終わってみれば、今大会では、高校生ながら井原、青森山田の力は抜けていた。

大学生では、花園大学が予選の演技中にアクシデントがあり、棄権になってしまったという不運もあり、国士館大学も福岡大学も完璧といえる演技ではなかった。

とはいえ、井原と青森山田の演技には、「大学生でも勝てないかもしれない」と思わせる力があり、それが忖度なく評価された結果の2位、3位だったと思う。

井原の長田京大監督と、青森山田の荒川栄監督は、国士館大学時代の同級生でライバルだった。

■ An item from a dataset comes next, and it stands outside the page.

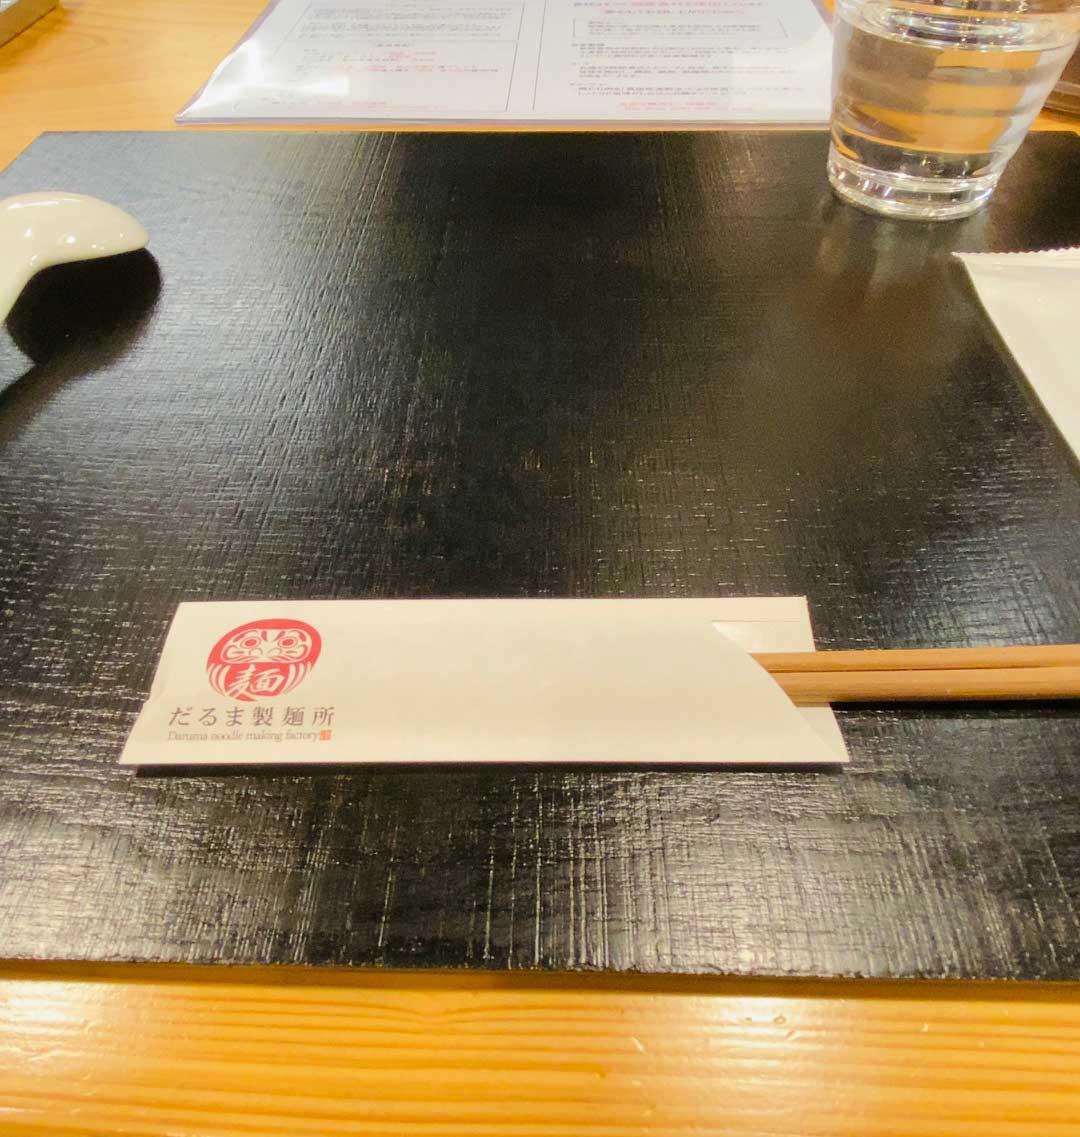 だるま製麺所のカウンター席

「自分たちで男子新体操を変える!」という誓いをたて、高校での指導者の道を歩んできた。

※長田監督&荒川監督の記事

その功績は今まででも十分に大きかったが、今年の全日本選手権での揃っての表彰台のりは、さらにひとつ勲章を加えることになった。

2人が目指してきた男子新体操の新しい時代の幕開け、それが今年だったのかもしれない。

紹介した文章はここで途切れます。